# Yamaha YPA-700 and YPA-1000



## Uni-Bear (Aug 12, 2013)

Hey guys, 

Trying to get peoples opinion on the Yamaha YPA-700 and YPA-1000 amps. Anyone ever run these or have information on them? I'm trying to build a HQ system for my car. Heard these sounded great if you were going the HQ route. So any information would be greatly appreciated.

Also what are some other great amps out there for sound quality? 

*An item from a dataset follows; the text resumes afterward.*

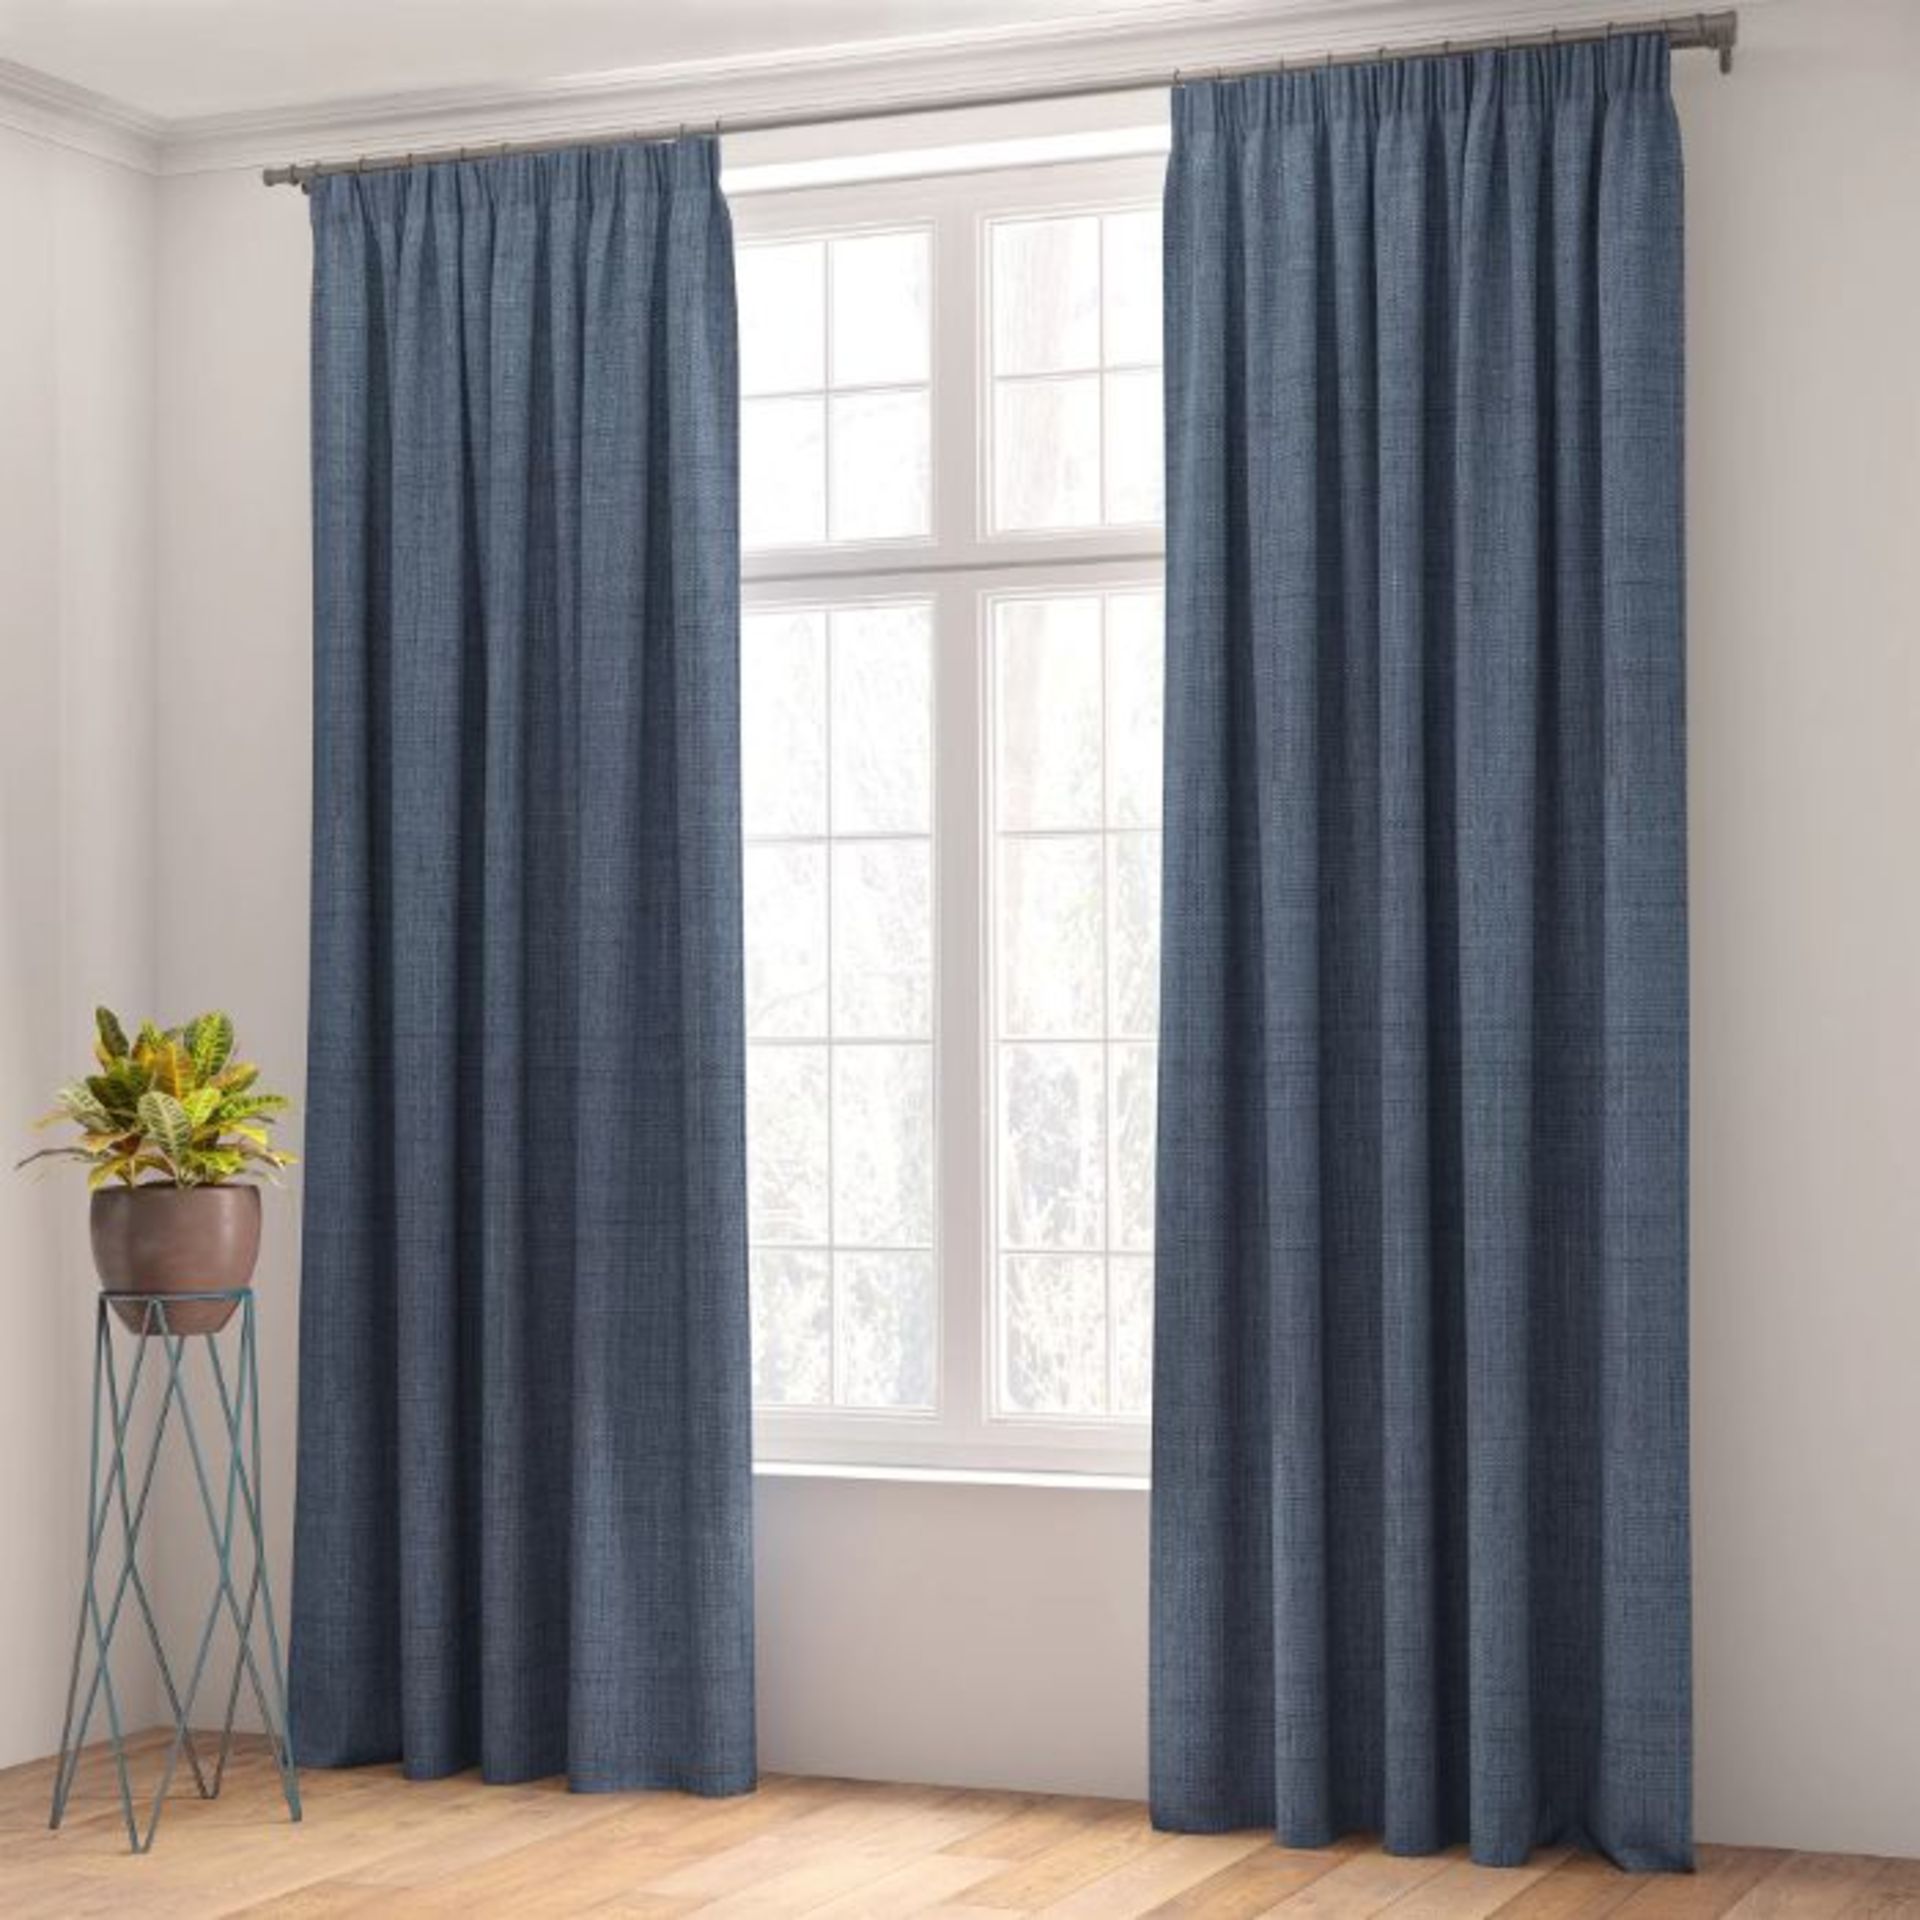 Shillings Blackout Thermal Curtains (BLUE) (168cm W x 137cm D) (DKBI1143)
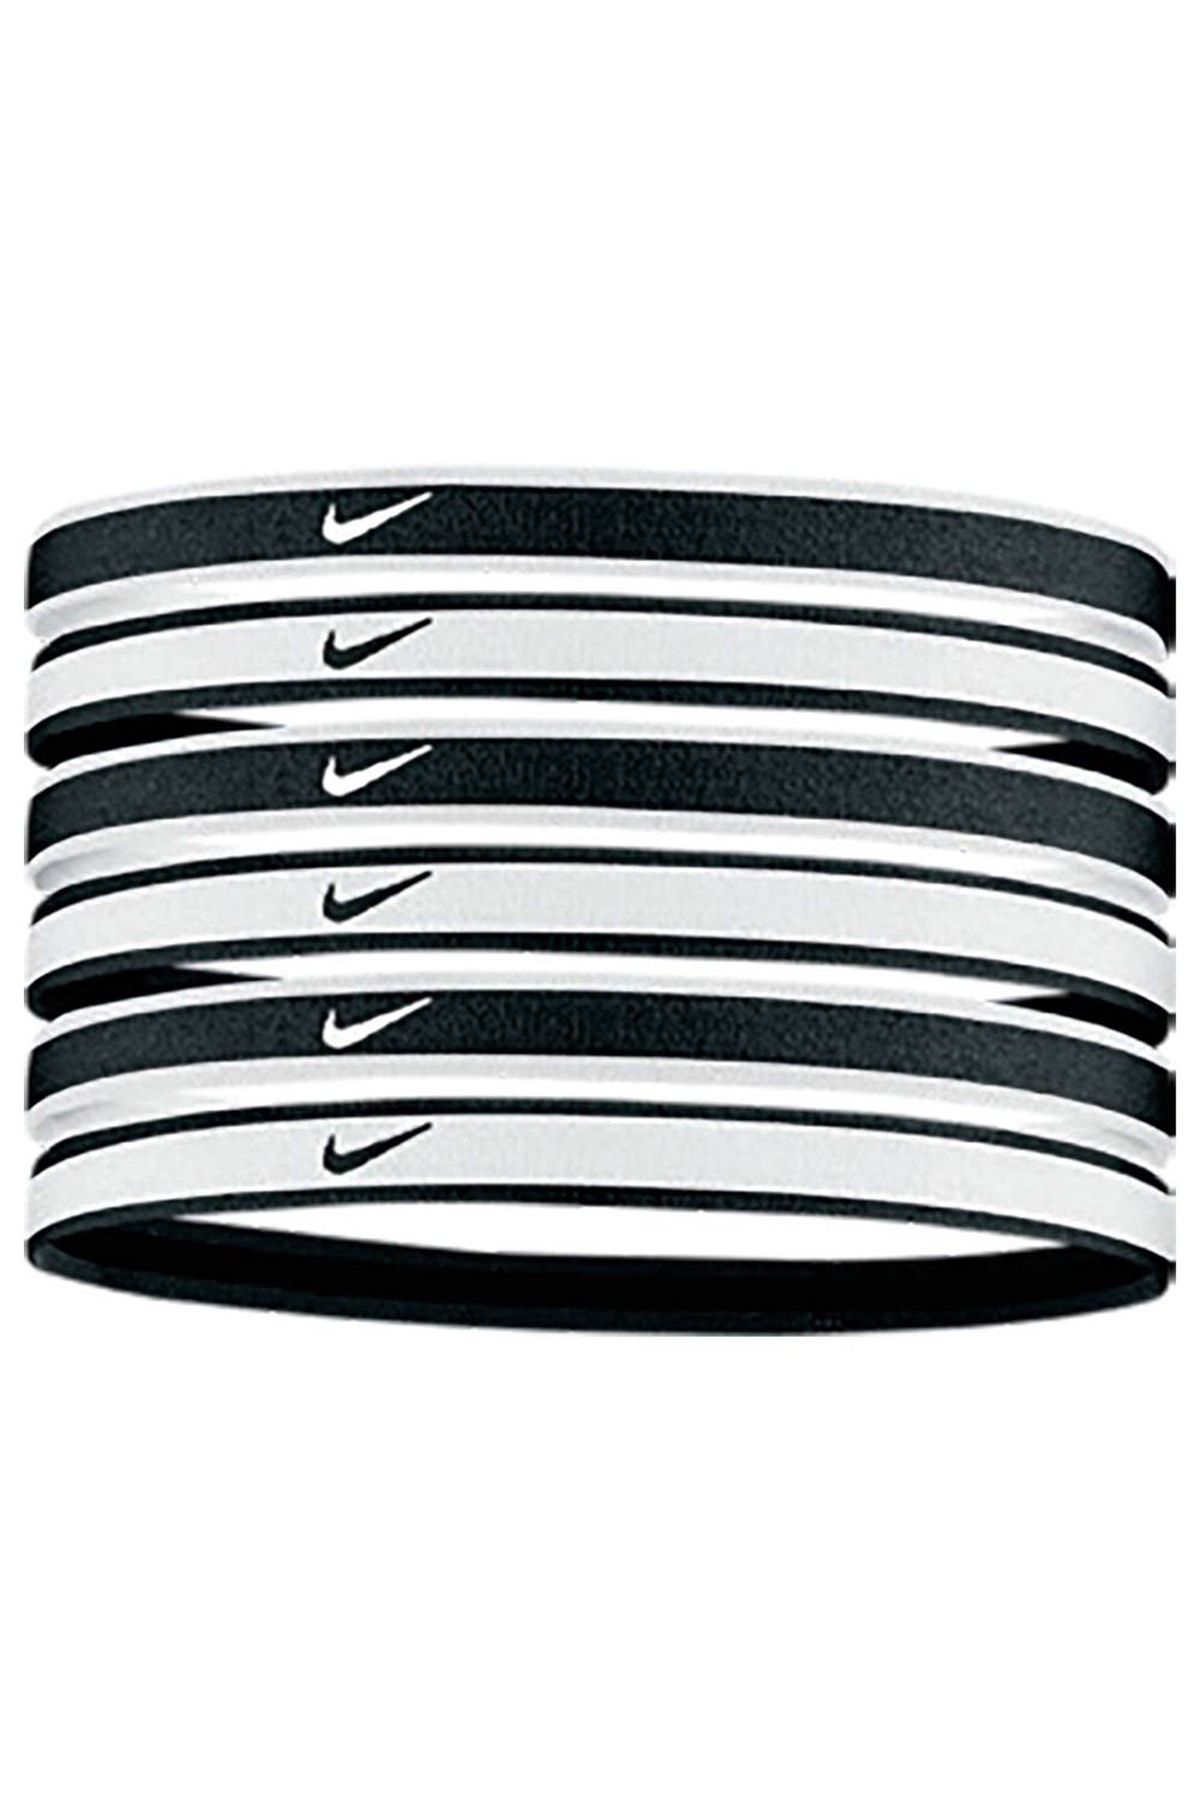 Nike Haarband Elastic Hairband Unisex Fitnessband Sportband Stirnband 6-er  Pack

Thanks again for your time and input.


----------



## dealer (Jul 31, 2013)

Good Good, clean old school amps, but not overpowering or overwhelming. Depends on budget and what you can get them for.


----------



## Uni-Bear (Aug 12, 2013)

I got a YPA-700 for 70 and found a YPA-1000 for 40. Talking to the guy about the 1000 right now. I'm trying to go the old school route for the speakers. I'm willing to spend 200 or so on a HQ amp for the speakers. I want clear sound.


----------



## dealer (Jul 31, 2013)

Uni-Bear said:


> I got a YPA-700 for 70 and found a YPA-1000 for 40. Talking to the guy about the 1000 right now. I'm trying to go the old school route for the speakers. I'm willing to spend 200 or so on a HQ amp for the speakers. I want clear sound.



Cool, i got a set of infinity perfect 5's, NIB, fs 175.00.


----------



## mmmark (Sep 3, 2013)

Did you end up getting the YPA-1000?


----------



## Uni-Bear (Aug 12, 2013)

No very sadly not. The deal fell through. I did get the 750 though. Still looking for the 1000.

Sent from my SGH-T989 using Tapatalk 4


----------



## monroe2222 (Sep 19, 2020)

I know this is a really old post but i have a new in the box YPA-1000 if by chance you are still interested.


----------